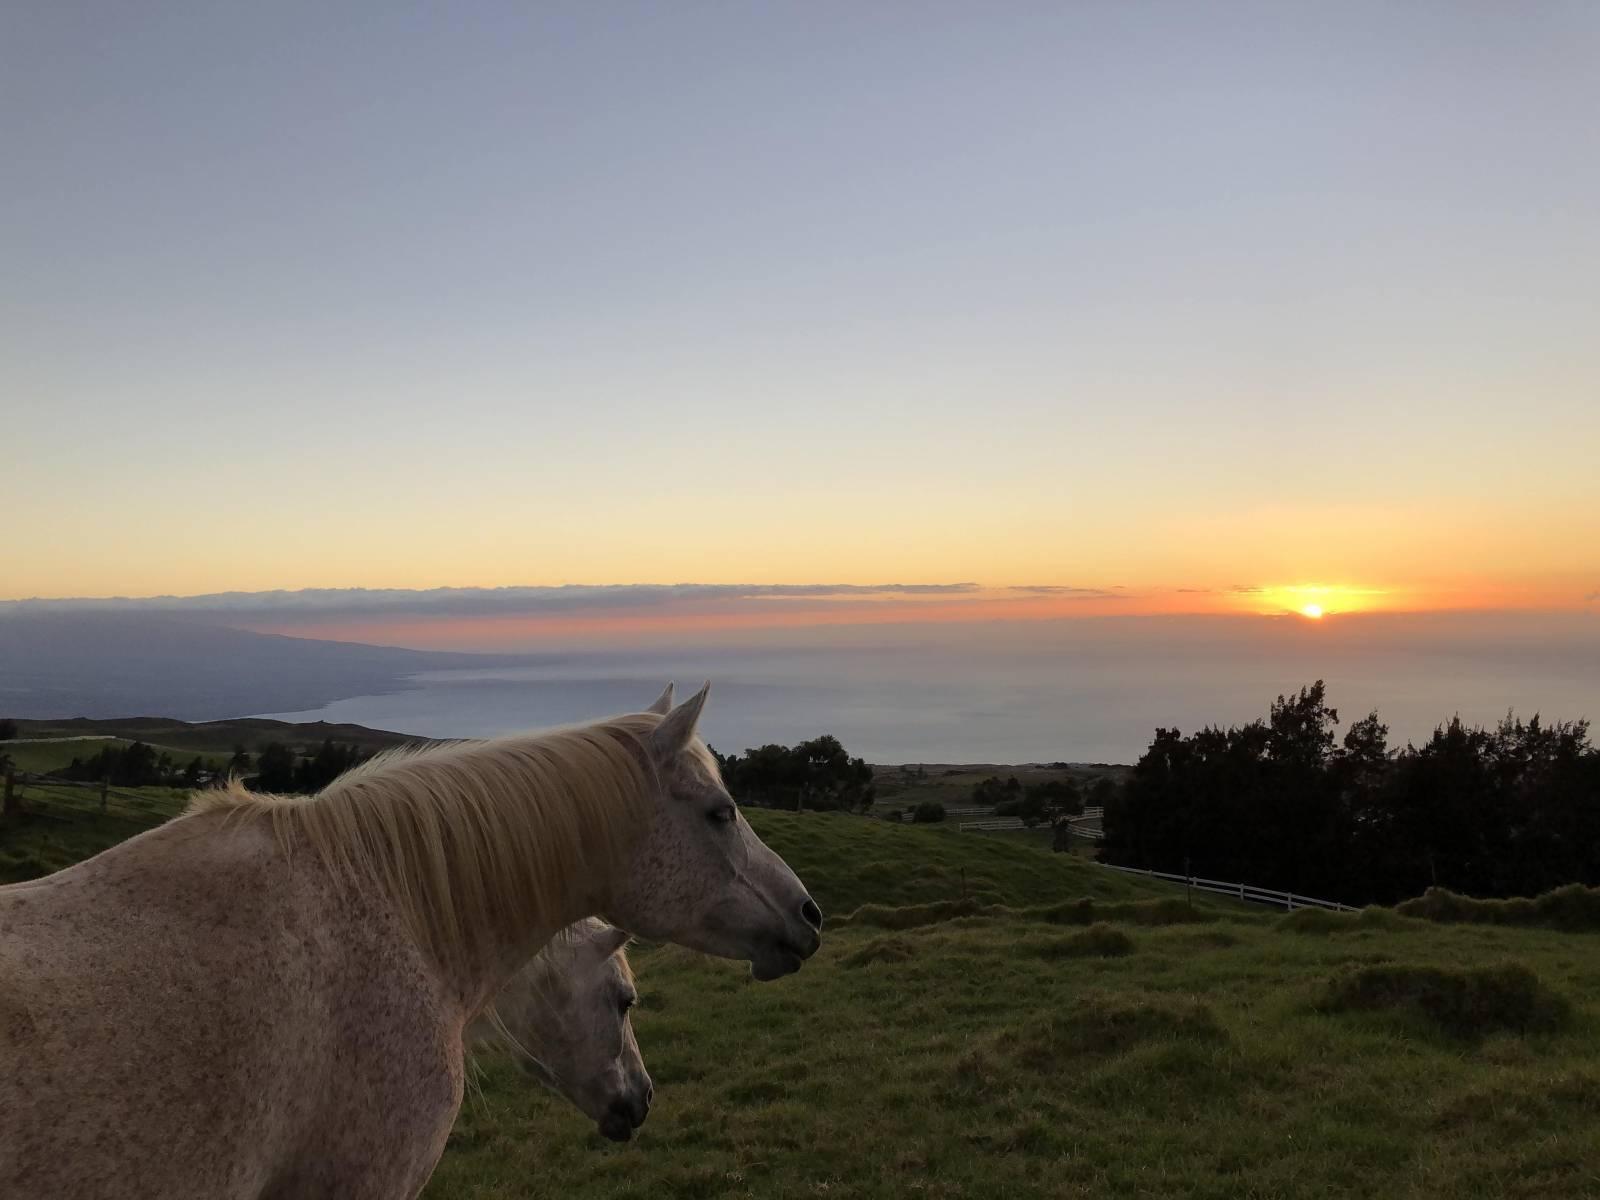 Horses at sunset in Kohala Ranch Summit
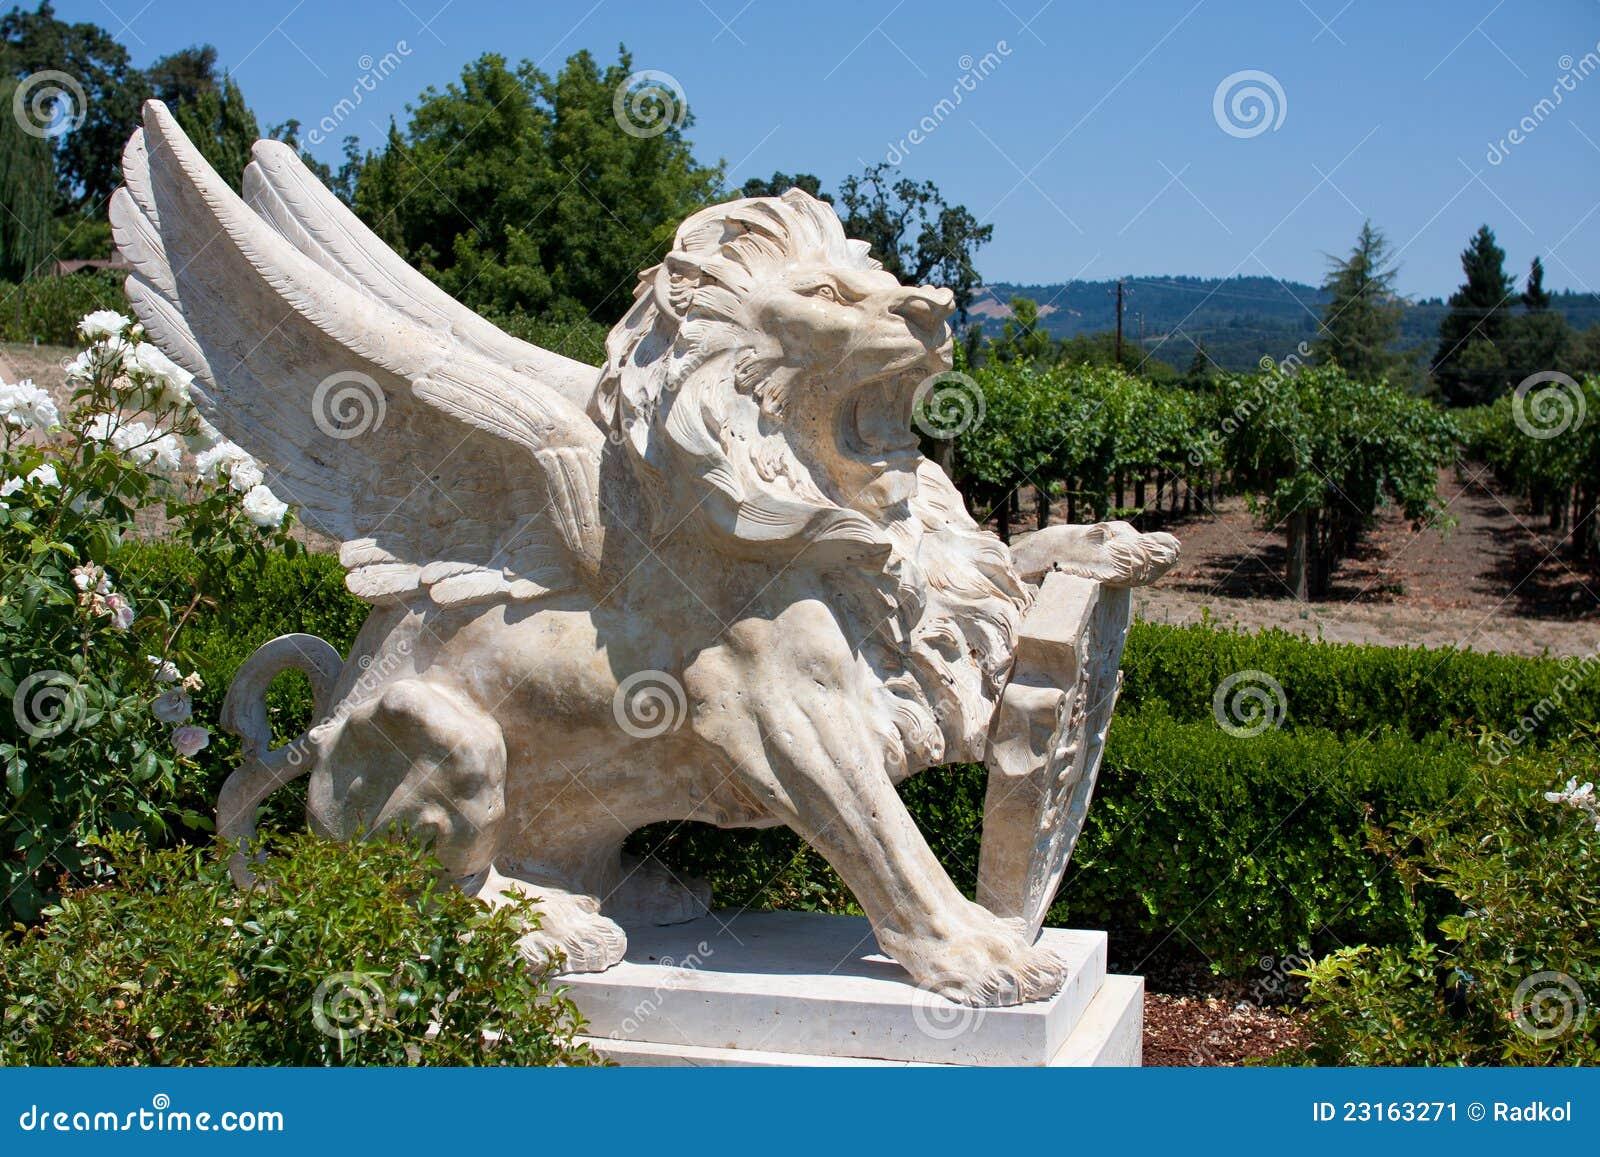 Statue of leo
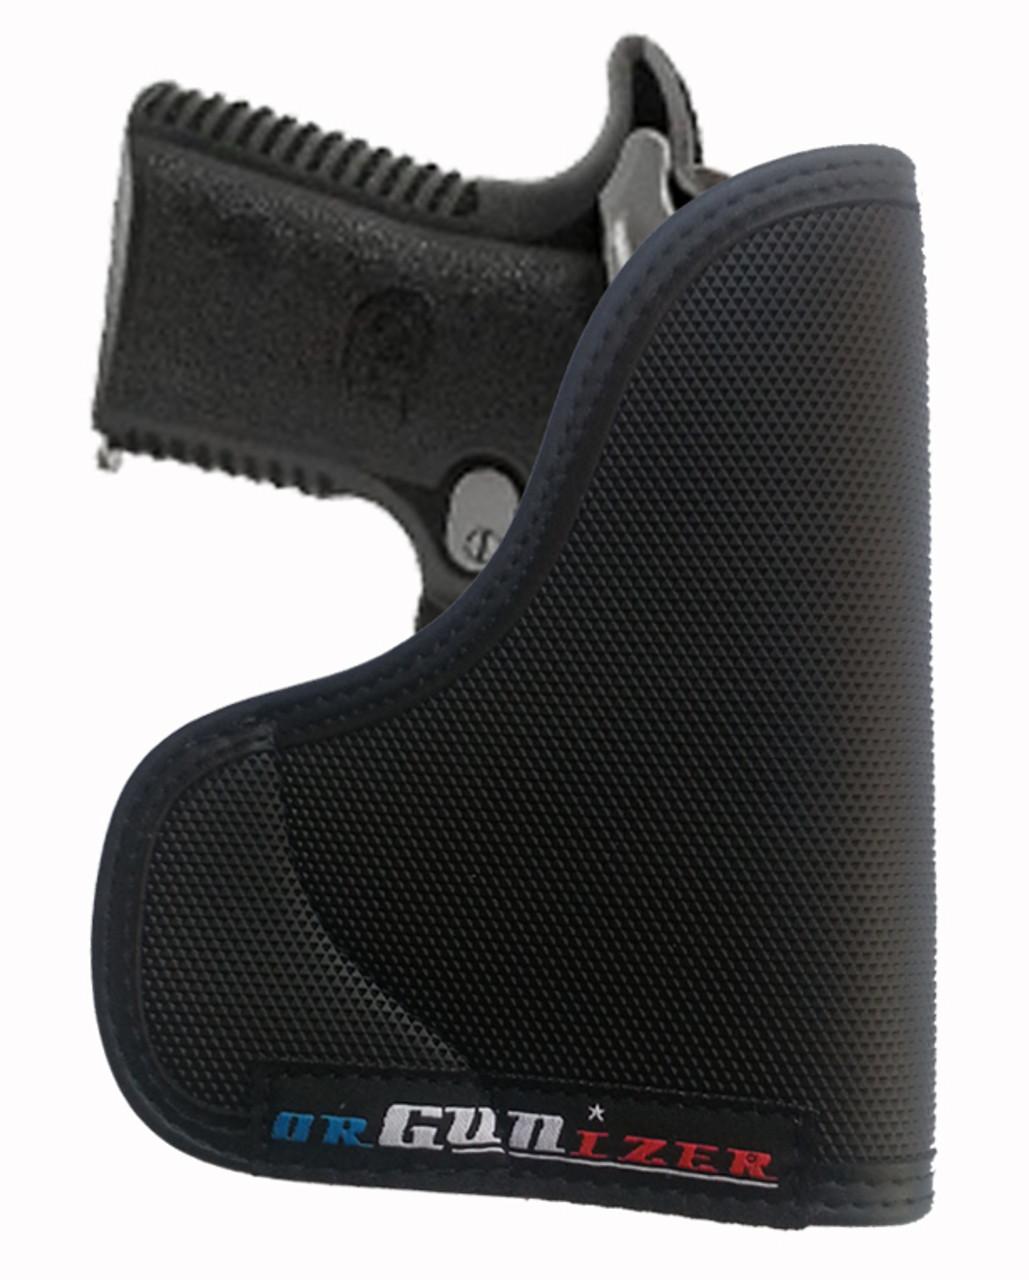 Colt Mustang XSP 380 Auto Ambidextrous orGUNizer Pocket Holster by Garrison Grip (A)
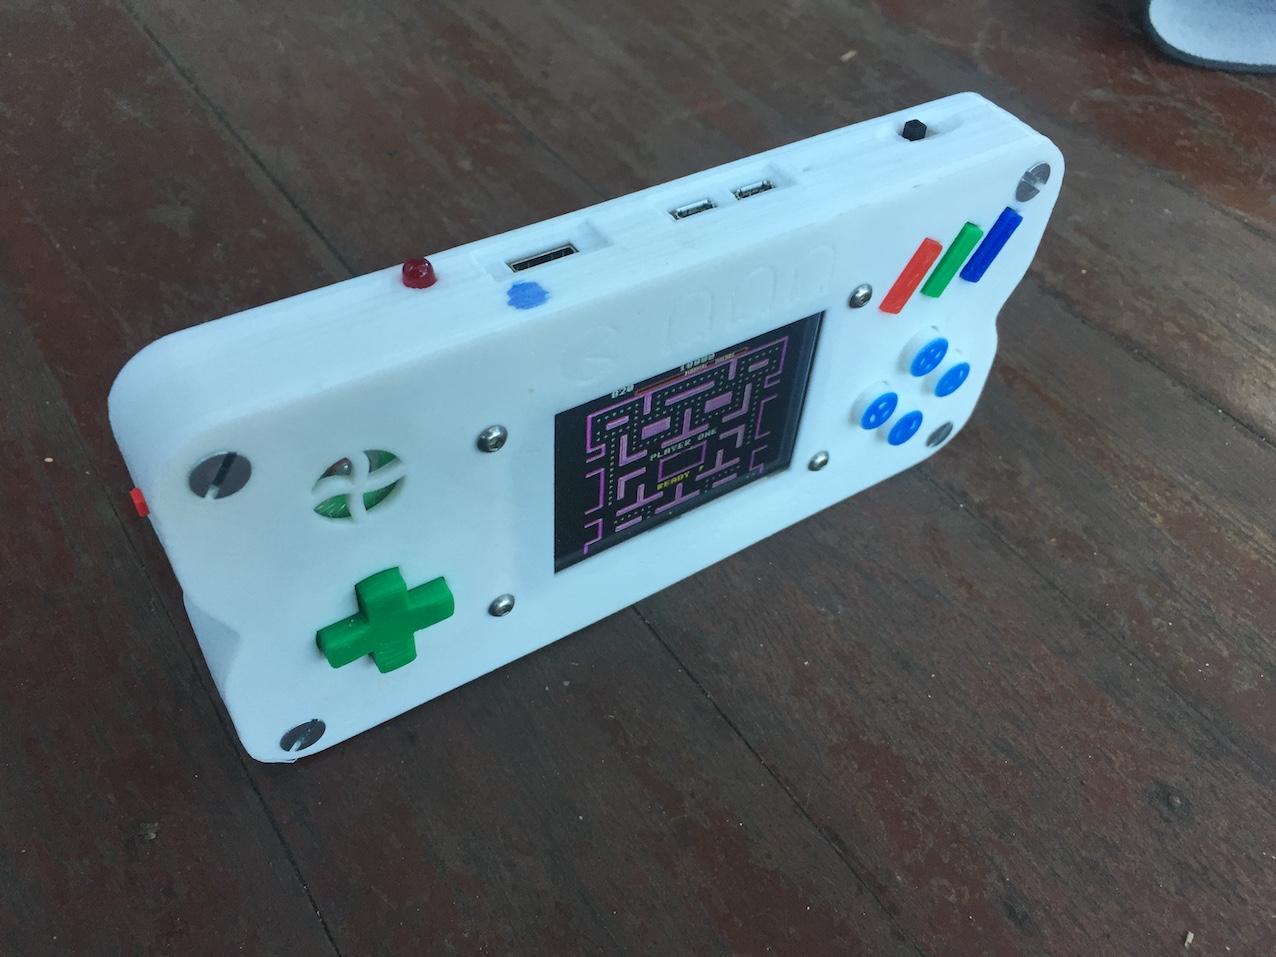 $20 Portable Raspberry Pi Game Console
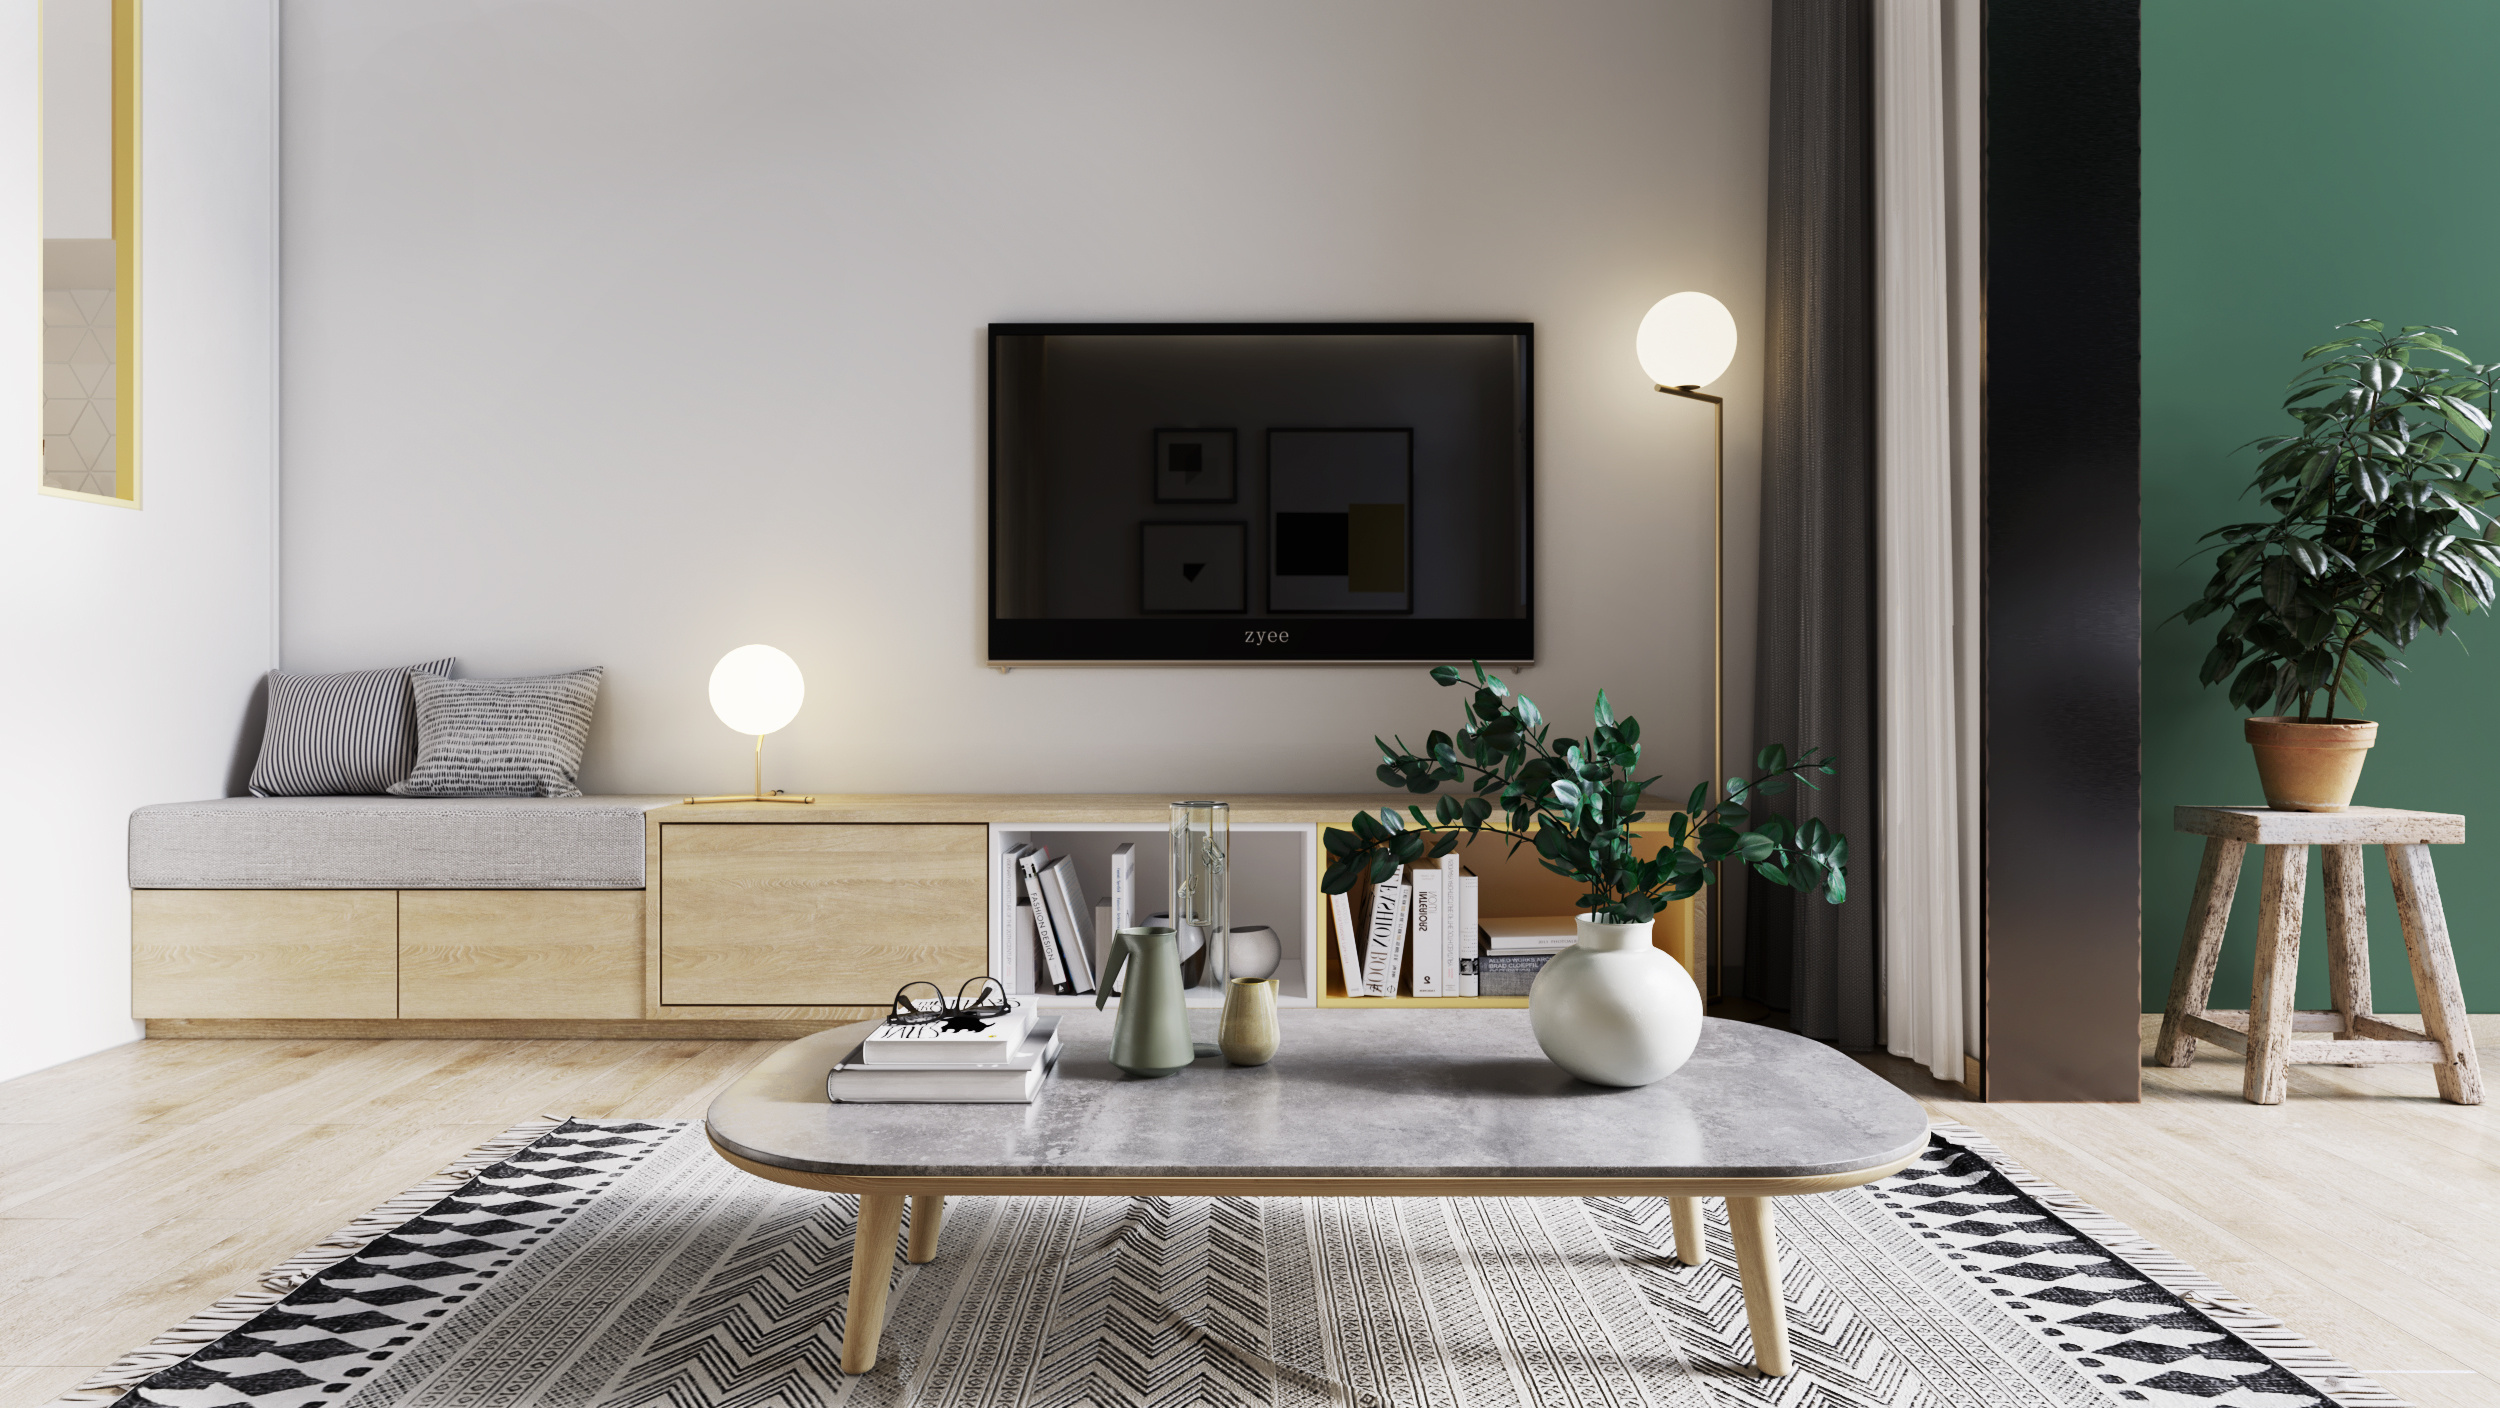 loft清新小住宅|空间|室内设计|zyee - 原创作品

##########

#### WHAT YOU HAVE TO DO:
Everything in the records is to be repeated verbatim except the pictures.

#### EXERCISE SOLUTION:
 Horses at sunset in Kohala Ranch Summit
 Statue of leo
 Colt Mustang XSP 380 Auto Ambidextrous orGUNizer Pocket Holster by Garrison Grip (A)
 $20 Portable Raspberry Pi Game Console
 loft清新小住宅|空间|室内设计|zyee - 原创作品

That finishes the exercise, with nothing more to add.